Трилогия о Мирьям (Маленькие люди. Колодезное зеркало. Старые дети) - Бээкман Эмэ Артуровна (книги TXT) 📗
«Война!»
Кристьян сжимает мои пальцы. Этого же не может быть, чтобы руки дрожали, я никогда не замечала ничего подобного, наверное, это лишь от напряжения мышц.
На автобусной остановке, перед рестораном, извивалась взбудораженная очередь — гвалт, гомон. Было неразумно дожидаться машины, не хватило бы терпения. Надо было куда-то бежать. Зачем? Куда? Назад, в город. Будто уже люди вставали там под ружье, и мы могли опоздать. Я сняла туфли, чтобы идти быстрей.
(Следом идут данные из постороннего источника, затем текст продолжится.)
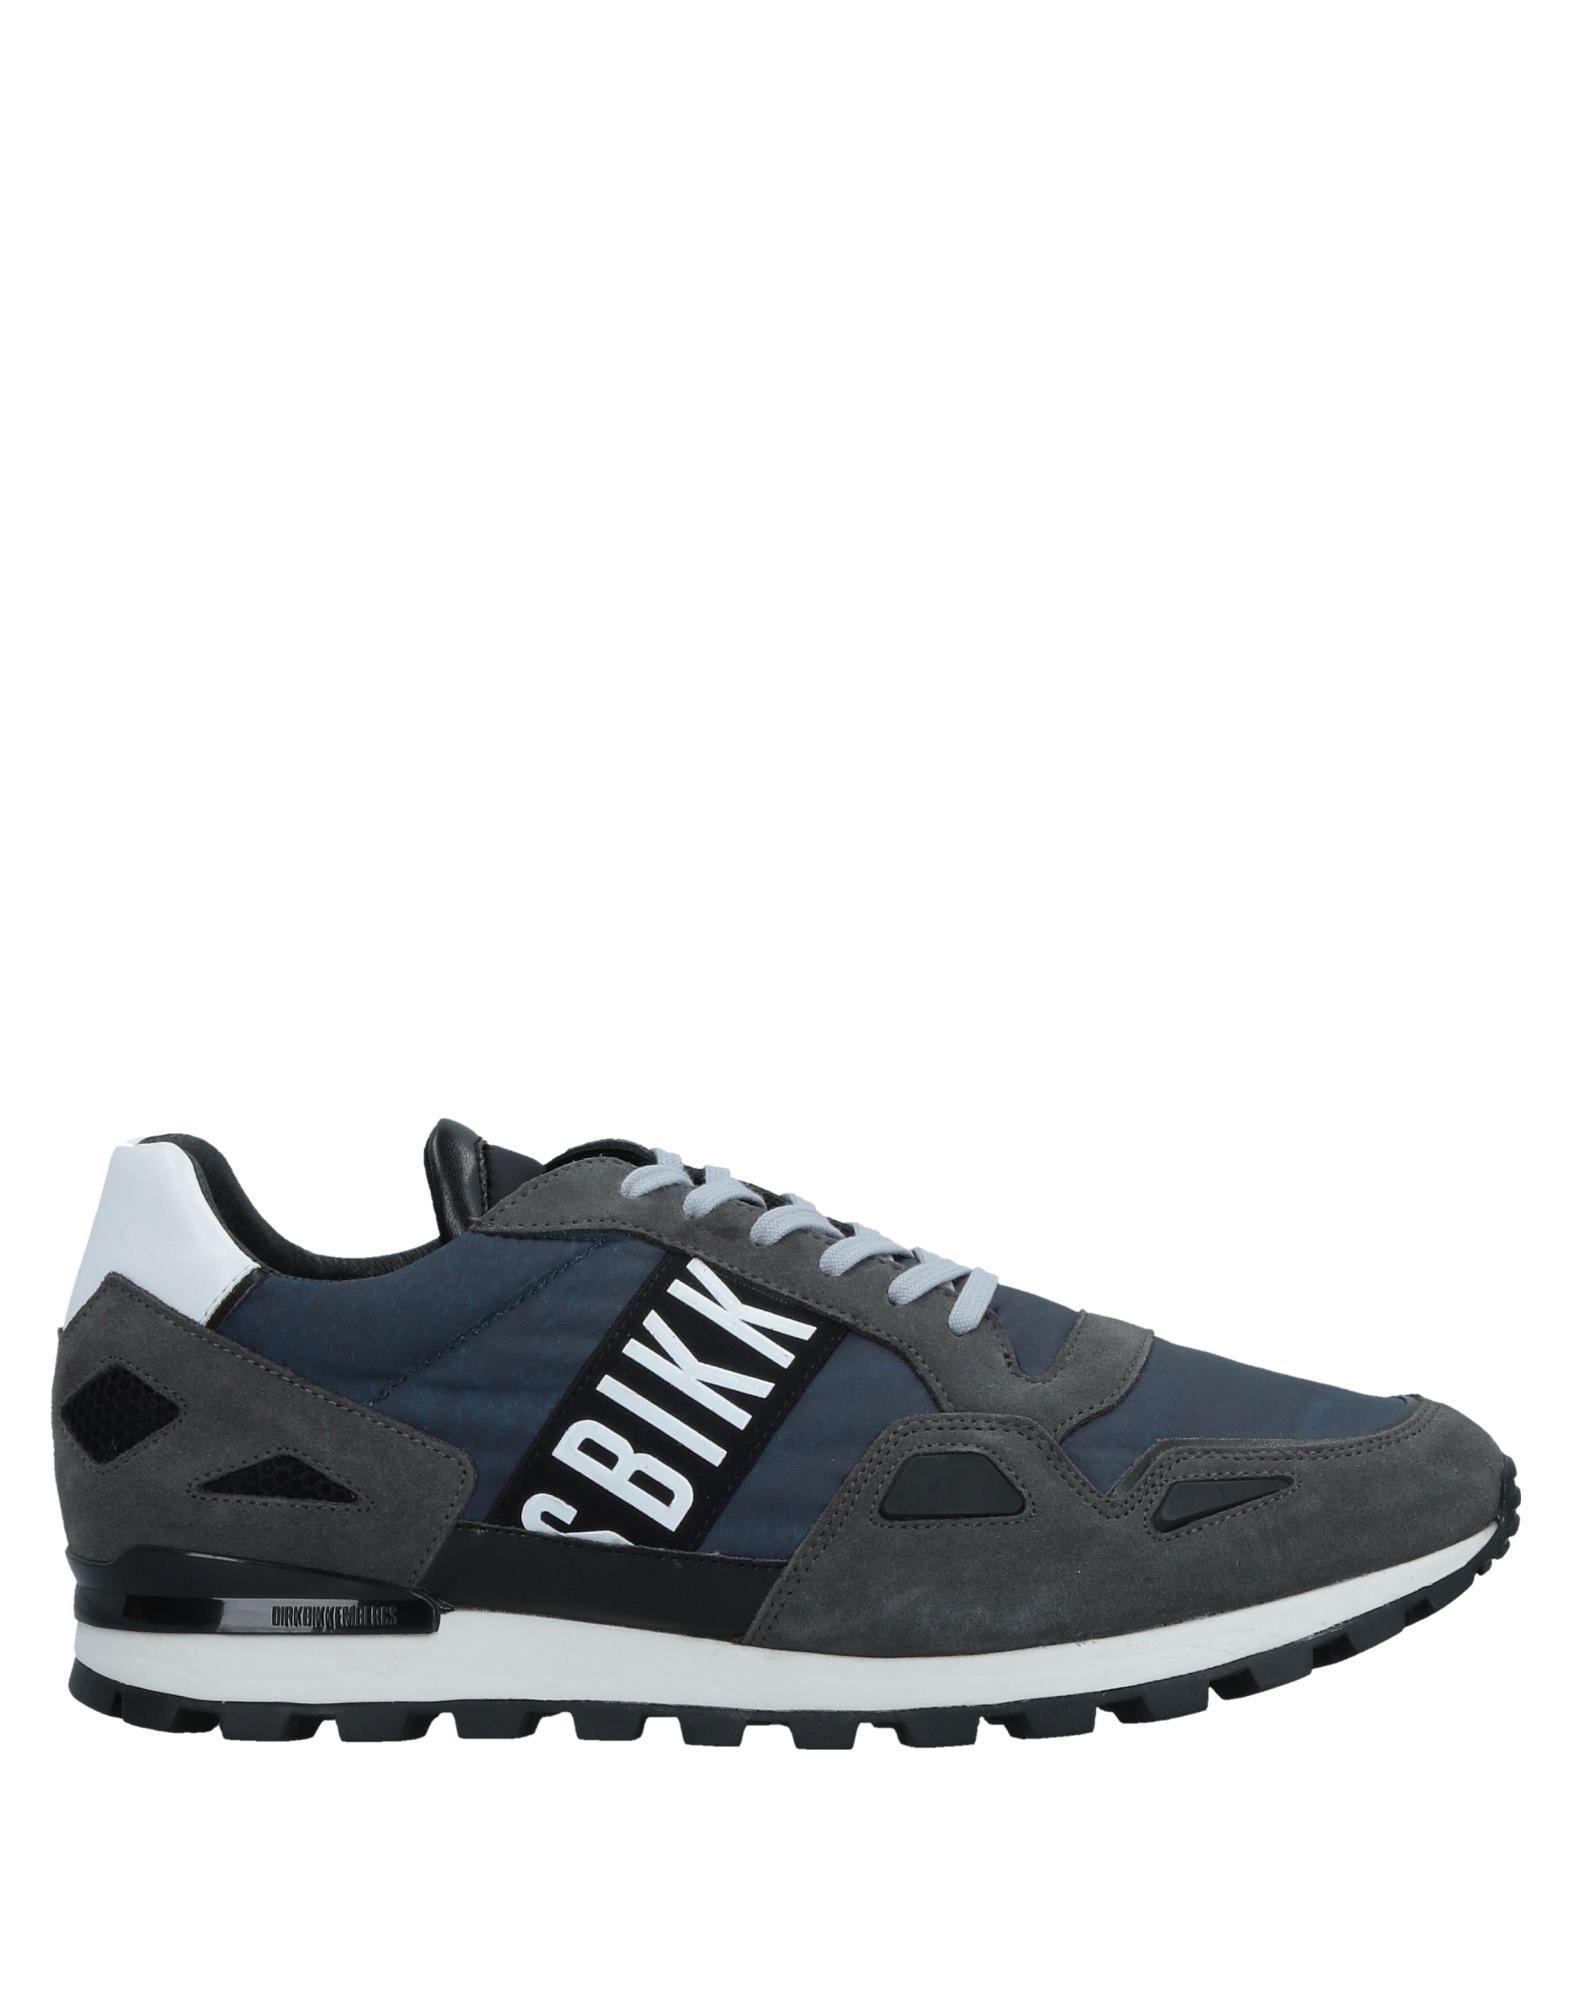 Moda Sneakers Bikkembergs Uomo - 11517154EX 11517154EX - 5d96f9

Даже не чувствовала под ногами острой гранитной щебенки. Нас подгонял страх опоздать. Вот только от чего мы боялись отстать? Все равно все решения осуществились лишь через несколько десятков часов.
— Да мы особо и не задерживались, — кивает Кристьян.
Компания загорелых юношей и девчонок стояла, облокотившись на прибрежный парапет. И такие они были радостные, не подозревали, насколько приблизилась к их песне действительность.
— «Война уже идет! Война!» — прокричали мы им.
— «Война!» — крикнули мы, — подтверждает Кристьян.
Они испуганно смотрели на нас, вроде бы хотели остановить, но мы не замедляли хода. Когда я еще раз взглянула на них через плечо, они стояли, сбившись тесной кучей. Один из парней задрал голову, словно тут же должны были появиться бомбардировщики.
Возле памятника «Русалка» я надела туфли. Навстречу нам шла какая-то дама в шляпке, украшенной целым пуком фиалок, и с белой собачкой на поводке. «Война», — сказала я тихо, когда дама проходила мимо. Дама удалилась, неловко улыбаясь, словно вспоминала, знакомы ли мы, — ей, видимо, показалось, что я приветствовала ее.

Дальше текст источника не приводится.